• _WORK TO COMPLETE_: What is needed is the full listing written out exactly, minus the pictures.

*** Opening SUPPLIED ENTRIES ***

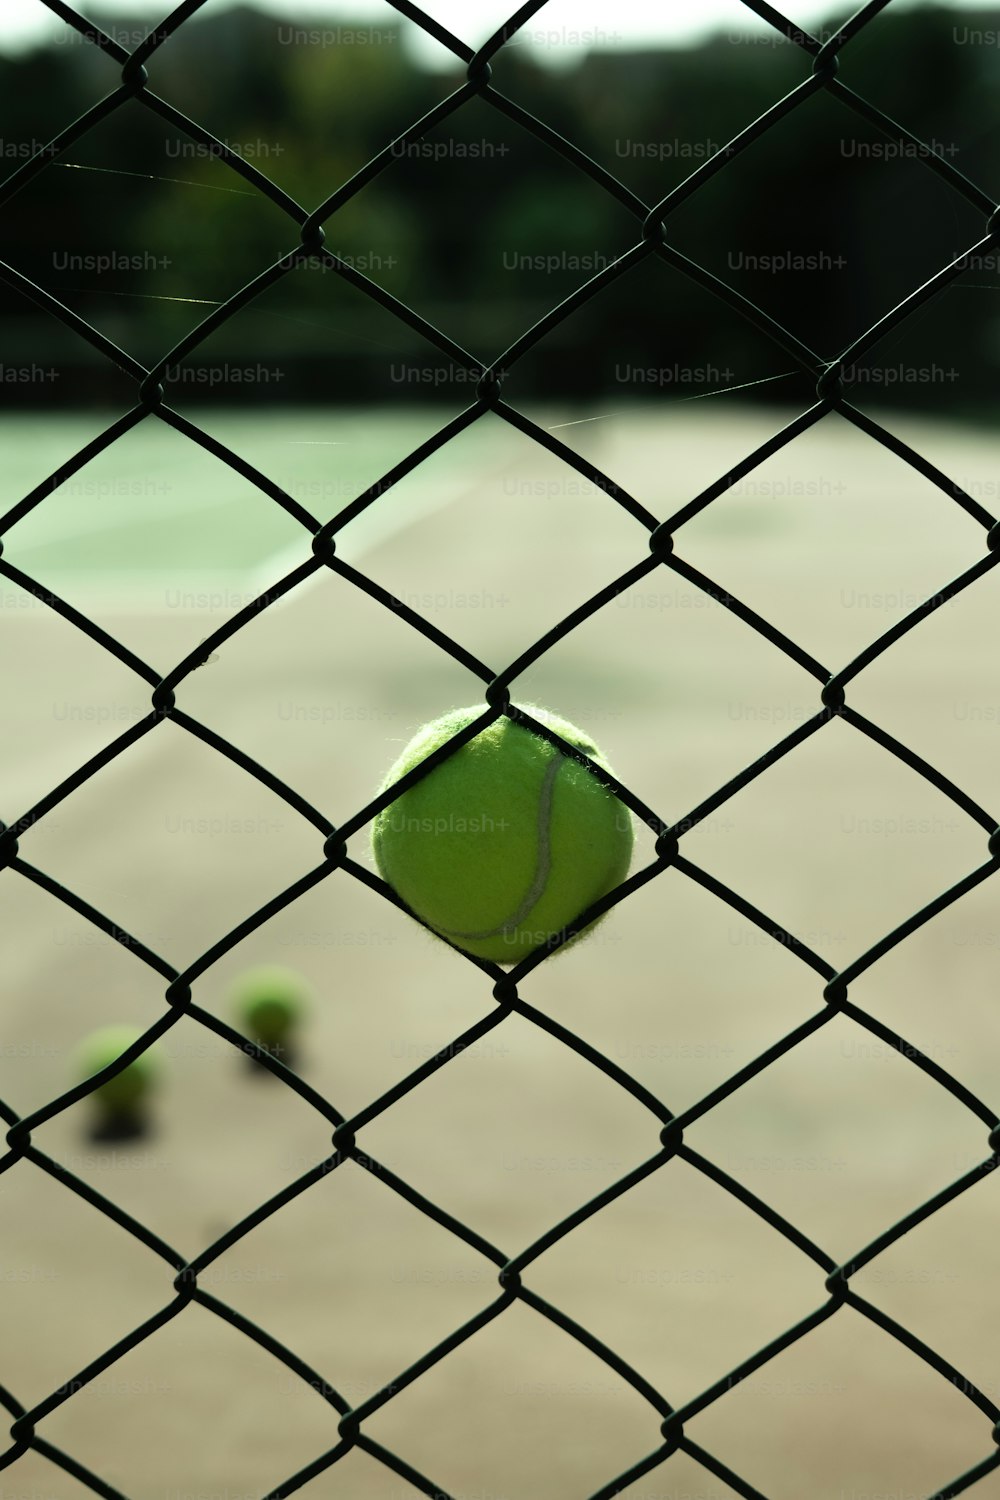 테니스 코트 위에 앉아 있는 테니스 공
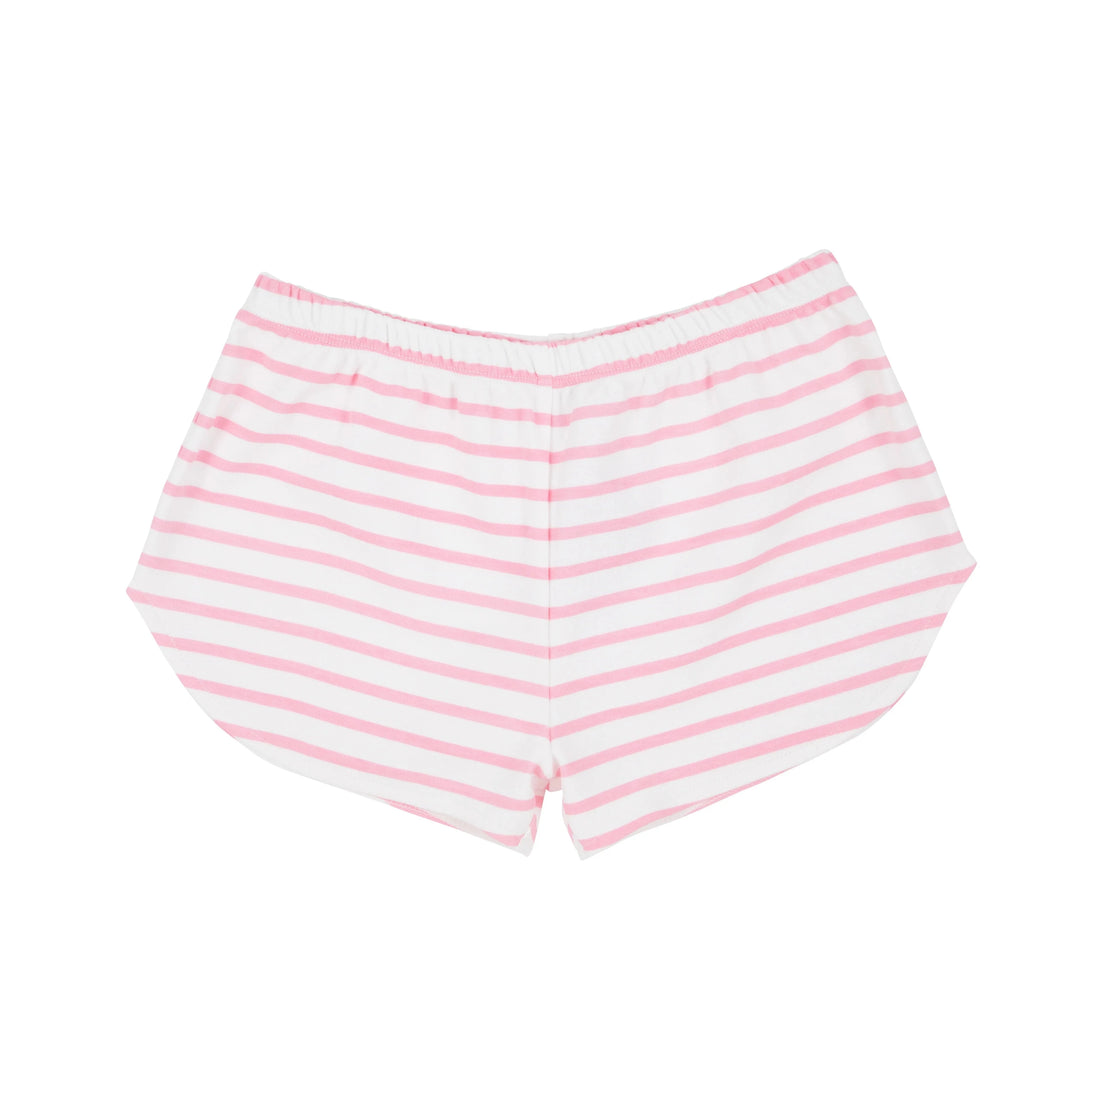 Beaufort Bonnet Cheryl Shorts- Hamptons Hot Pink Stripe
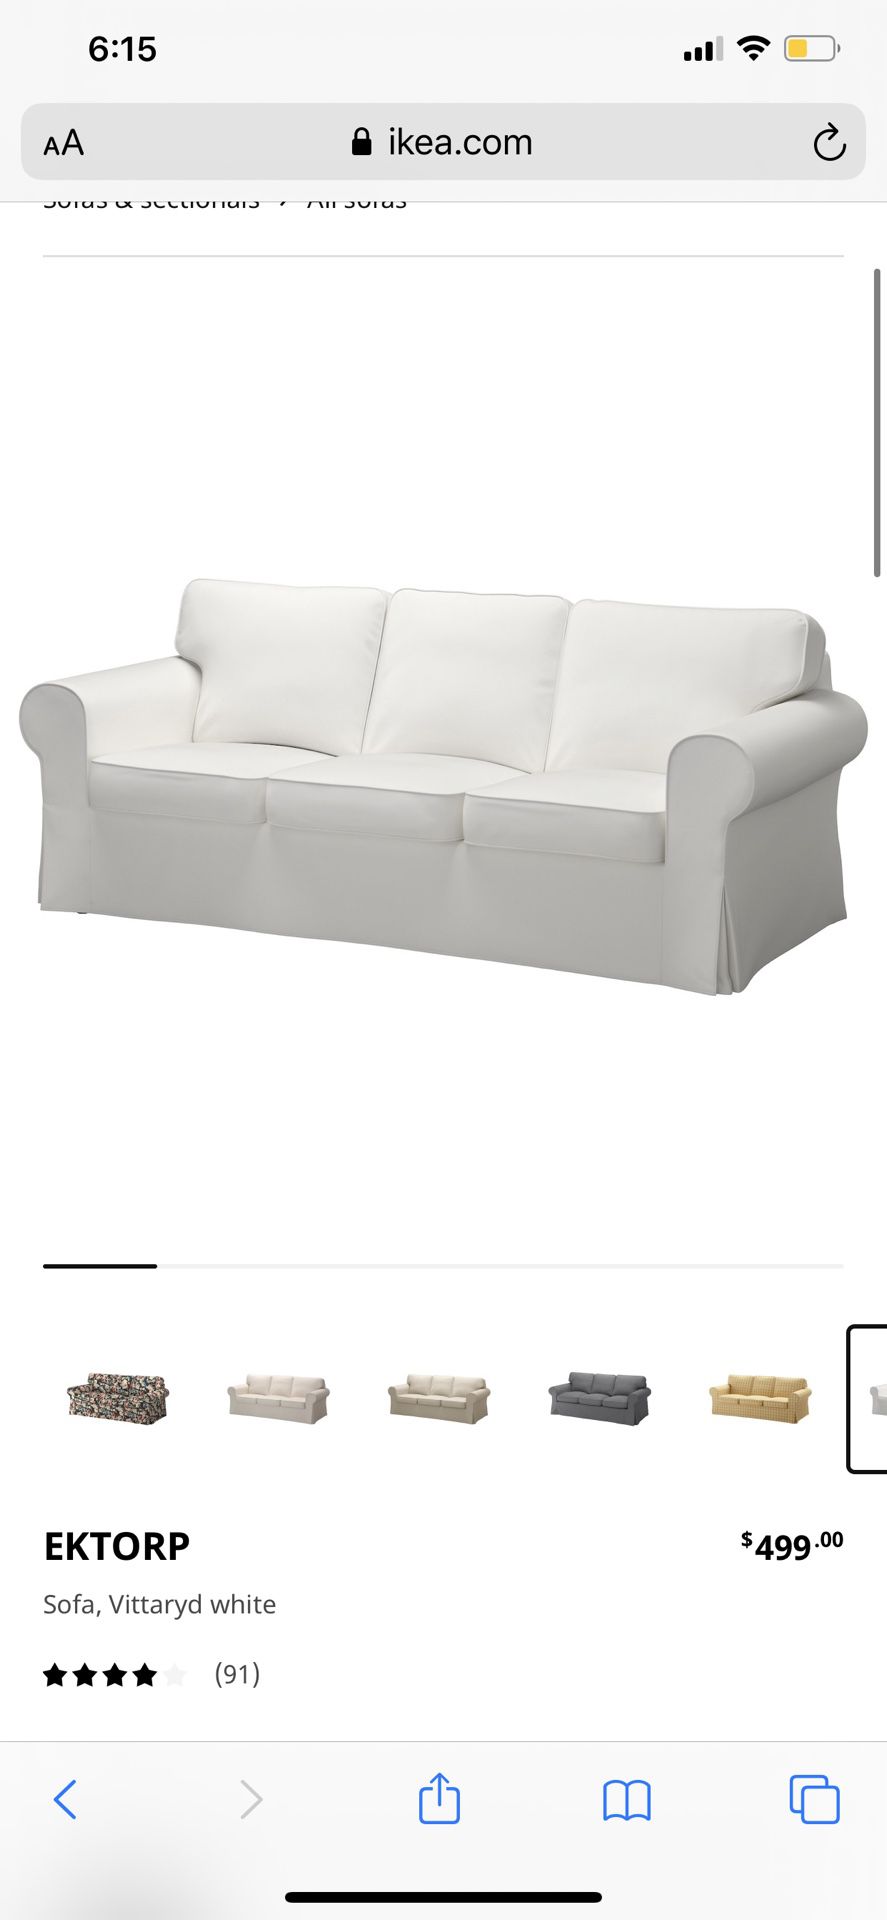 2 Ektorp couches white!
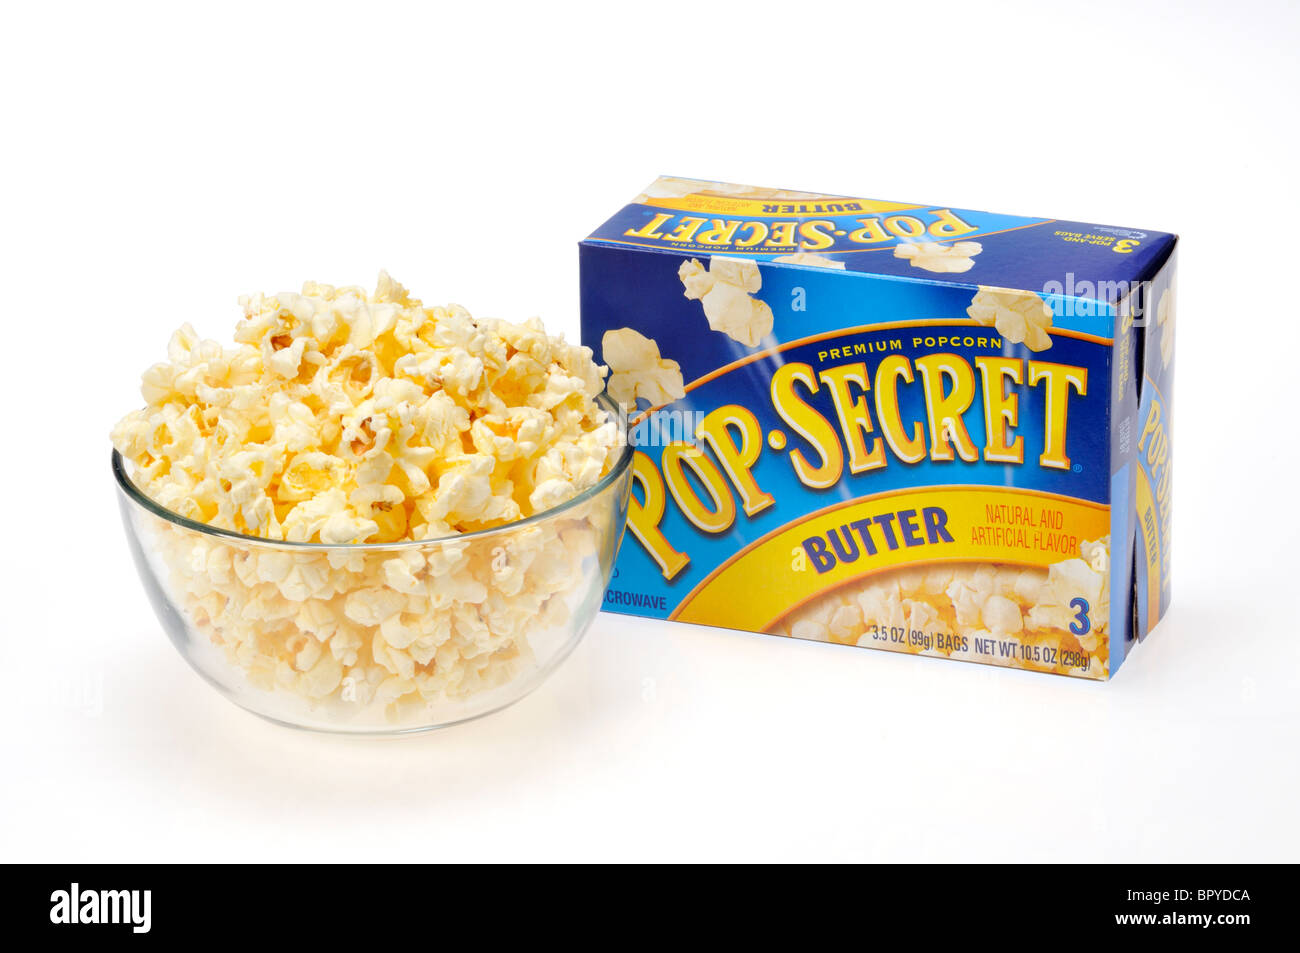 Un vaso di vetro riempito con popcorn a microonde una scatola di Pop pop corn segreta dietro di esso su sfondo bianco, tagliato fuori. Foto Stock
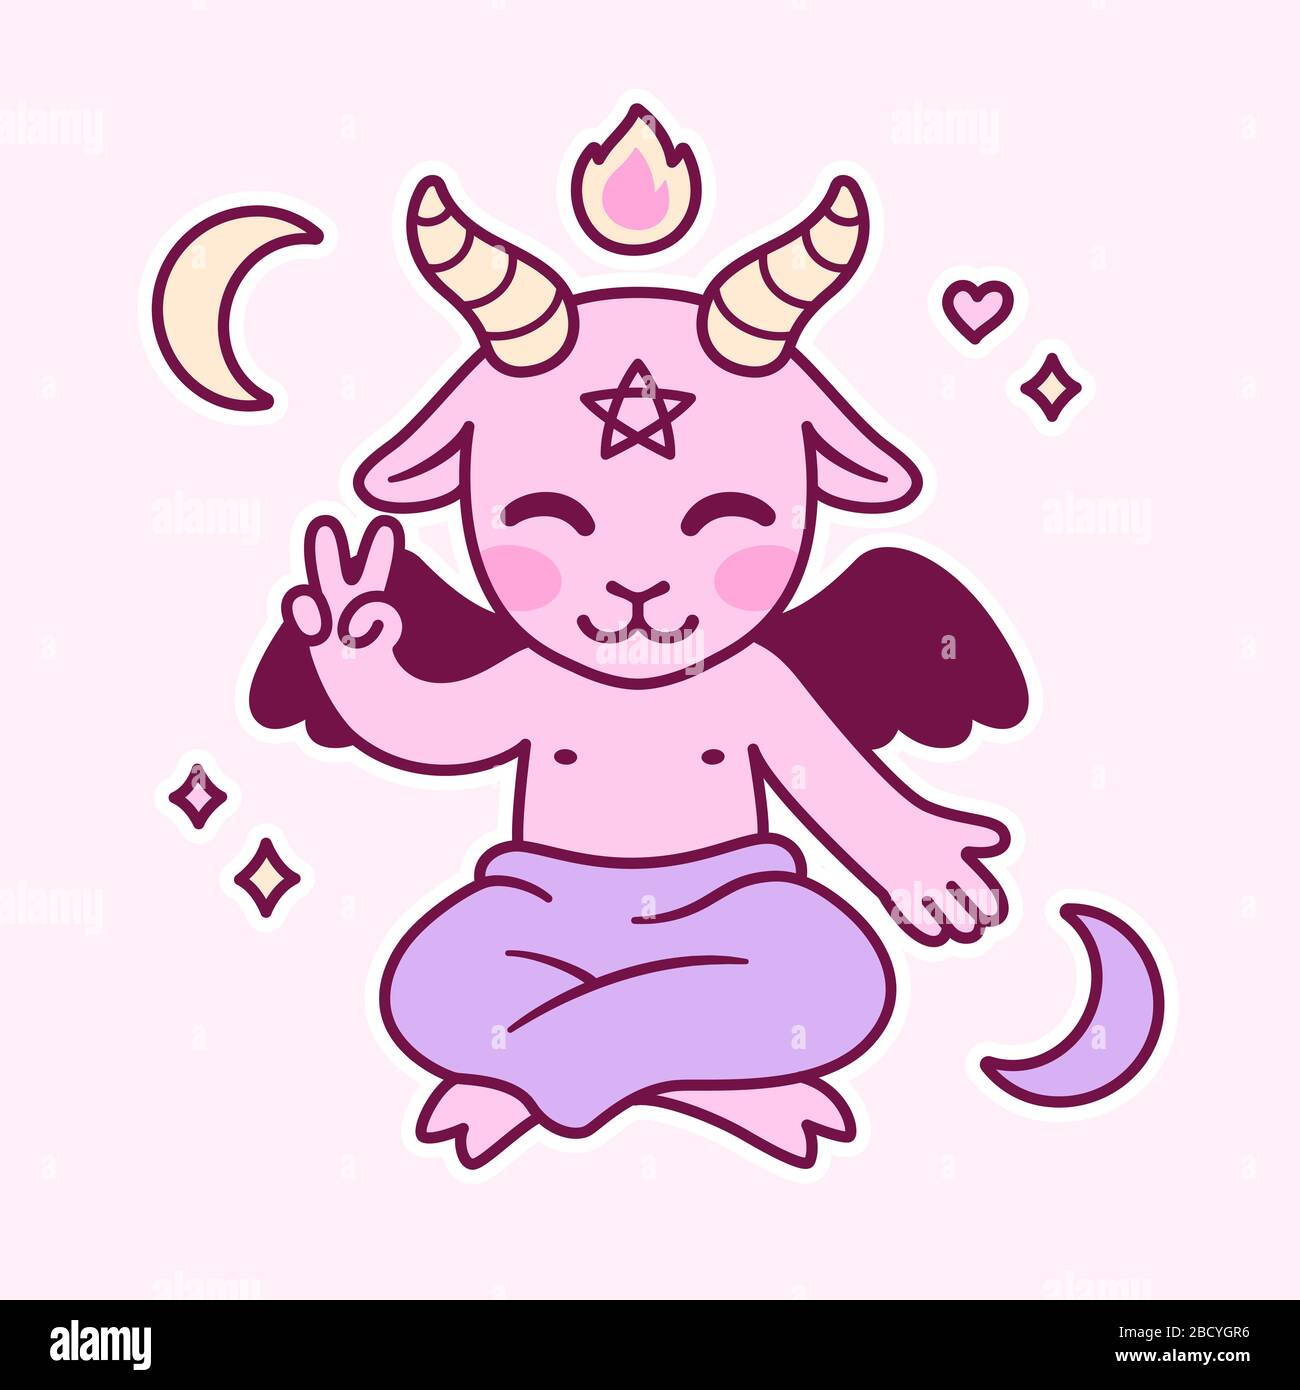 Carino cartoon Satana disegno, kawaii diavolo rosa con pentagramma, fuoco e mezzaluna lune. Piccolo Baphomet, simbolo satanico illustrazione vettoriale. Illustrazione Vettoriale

*** Closing SUPPLIED ENTRIES ***

• _RESULT OF THE EXERCISE_:
 테니스 코트 위에 앉아 있는 테니스 공
 Beaufort Bonnet Cheryl Shorts- Hamptons Hot Pink Stripe
 2 Ektorp couches white!
 Un vaso di vetro riempito con popcorn a microonde una scatola di Pop pop corn segreta dietro di esso su sfondo bianco, tagliato fuori. Foto Stock
 Carino cartoon Satana disegno, kawaii diavolo rosa con pentagramma, fuoco e mezzaluna lune. Piccolo Baphomet, simbolo satanico illustrazione vettoriale. Illustrazione Vettoriale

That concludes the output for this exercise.